_EXERCISE DIRECTIONS_. Retype the material below, keeping each line identical.

== Segment start ==

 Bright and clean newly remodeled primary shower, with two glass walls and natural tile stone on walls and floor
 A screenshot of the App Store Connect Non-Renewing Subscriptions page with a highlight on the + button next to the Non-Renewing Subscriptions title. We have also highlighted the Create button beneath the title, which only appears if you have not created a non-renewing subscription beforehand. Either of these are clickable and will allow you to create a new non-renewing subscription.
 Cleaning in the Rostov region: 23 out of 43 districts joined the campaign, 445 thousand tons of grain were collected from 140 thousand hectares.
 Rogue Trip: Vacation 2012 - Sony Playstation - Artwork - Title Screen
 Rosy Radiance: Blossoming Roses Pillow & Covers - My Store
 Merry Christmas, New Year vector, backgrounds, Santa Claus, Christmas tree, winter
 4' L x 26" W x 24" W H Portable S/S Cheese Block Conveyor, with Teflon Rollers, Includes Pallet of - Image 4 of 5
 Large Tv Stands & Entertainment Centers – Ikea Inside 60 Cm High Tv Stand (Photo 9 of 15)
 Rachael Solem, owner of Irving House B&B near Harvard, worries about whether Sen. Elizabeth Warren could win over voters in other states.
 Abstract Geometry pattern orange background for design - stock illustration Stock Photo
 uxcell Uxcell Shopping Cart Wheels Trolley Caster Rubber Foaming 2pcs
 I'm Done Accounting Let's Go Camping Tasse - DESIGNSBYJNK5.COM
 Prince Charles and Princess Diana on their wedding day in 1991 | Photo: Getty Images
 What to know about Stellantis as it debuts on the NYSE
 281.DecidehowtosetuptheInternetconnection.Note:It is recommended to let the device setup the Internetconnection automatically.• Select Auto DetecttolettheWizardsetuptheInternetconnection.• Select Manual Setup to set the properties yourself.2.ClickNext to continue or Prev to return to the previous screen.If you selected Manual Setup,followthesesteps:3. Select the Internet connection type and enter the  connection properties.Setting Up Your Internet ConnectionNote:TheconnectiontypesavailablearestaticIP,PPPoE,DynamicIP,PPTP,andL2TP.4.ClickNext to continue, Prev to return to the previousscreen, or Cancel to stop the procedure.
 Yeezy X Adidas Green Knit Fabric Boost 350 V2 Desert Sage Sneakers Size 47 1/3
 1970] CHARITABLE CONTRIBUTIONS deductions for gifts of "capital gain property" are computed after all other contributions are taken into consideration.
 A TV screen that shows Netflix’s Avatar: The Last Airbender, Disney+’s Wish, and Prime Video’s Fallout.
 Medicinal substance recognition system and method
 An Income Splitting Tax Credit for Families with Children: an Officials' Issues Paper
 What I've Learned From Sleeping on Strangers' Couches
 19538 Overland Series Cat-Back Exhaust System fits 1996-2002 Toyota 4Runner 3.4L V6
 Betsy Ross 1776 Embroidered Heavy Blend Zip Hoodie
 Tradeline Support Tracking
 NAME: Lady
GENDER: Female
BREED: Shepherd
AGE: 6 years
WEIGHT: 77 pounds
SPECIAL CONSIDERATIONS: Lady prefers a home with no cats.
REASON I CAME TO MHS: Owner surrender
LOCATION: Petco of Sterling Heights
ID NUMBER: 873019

== Segment end ==

_EXPECTED OUTPUT_.
 Bright and clean newly remodeled primary shower, with two glass walls and natural tile stone on walls and floor
 A screenshot of the App Store Connect Non-Renewing Subscriptions page with a highlight on the + button next to the Non-Renewing Subscriptions title. We have also highlighted the Create button beneath the title, which only appears if you have not created a non-renewing subscription beforehand. Either of these are clickable and will allow you to create a new non-renewing subscription.
 Cleaning in the Rostov region: 23 out of 43 districts joined the campaign, 445 thousand tons of grain were collected from 140 thousand hectares.
 Rogue Trip: Vacation 2012 - Sony Playstation - Artwork - Title Screen
 Rosy Radiance: Blossoming Roses Pillow & Covers - My Store
 Merry Christmas, New Year vector, backgrounds, Santa Claus, Christmas tree, winter
 4' L x 26" W x 24" W H Portable S/S Cheese Block Conveyor, with Teflon Rollers, Includes Pallet of - Image 4 of 5
 Large Tv Stands & Entertainment Centers – Ikea Inside 60 Cm High Tv Stand (Photo 9 of 15)
 Rachael Solem, owner of Irving House B&B near Harvard, worries about whether Sen. Elizabeth Warren could win over voters in other states.
 Abstract Geometry pattern orange background for design - stock illustration Stock Photo
 uxcell Uxcell Shopping Cart Wheels Trolley Caster Rubber Foaming 2pcs
 I'm Done Accounting Let's Go Camping Tasse - DESIGNSBYJNK5.COM
 Prince Charles and Princess Diana on their wedding day in 1991 | Photo: Getty Images
 What to know about Stellantis as it debuts on the NYSE
 281.DecidehowtosetuptheInternetconnection.Note:It is recommended to let the device setup the Internetconnection automatically.• Select Auto DetecttolettheWizardsetuptheInternetconnection.• Select Manual Setup to set the properties yourself.2.ClickNext to continue or Prev to return to the previous screen.If you selected Manual Setup,followthesesteps:3. Select the Internet connection type and enter the  connection properties.Setting Up Your Internet ConnectionNote:TheconnectiontypesavailablearestaticIP,PPPoE,DynamicIP,PPTP,andL2TP.4.ClickNext to continue, Prev to return to the previousscreen, or Cancel to stop the procedure.
 Yeezy X Adidas Green Knit Fabric Boost 350 V2 Desert Sage Sneakers Size 47 1/3
 1970] CHARITABLE CONTRIBUTIONS deductions for gifts of "capital gain property" are computed after all other contributions are taken into consideration.
 A TV screen that shows Netflix’s Avatar: The Last Airbender, Disney+’s Wish, and Prime Video’s Fallout.
 Medicinal substance recognition system and method
 An Income Splitting Tax Credit for Families with Children: an Officials' Issues Paper
 What I've Learned From Sleeping on Strangers' Couches
 19538 Overland Series Cat-Back Exhaust System fits 1996-2002 Toyota 4Runner 3.4L V6
 Betsy Ross 1776 Embroidered Heavy Blend Zip Hoodie
 Tradeline Support Tracking
 NAME: Lady
GENDER: Female
BREED: Shepherd
AGE: 6 years
WEIGHT: 77 pounds
SPECIAL CONSIDERATIONS: Lady prefers a home with no cats.
REASON I CAME TO MHS: Owner surrender
LOCATION: Petco of Sterling Heights
ID NUMBER: 873019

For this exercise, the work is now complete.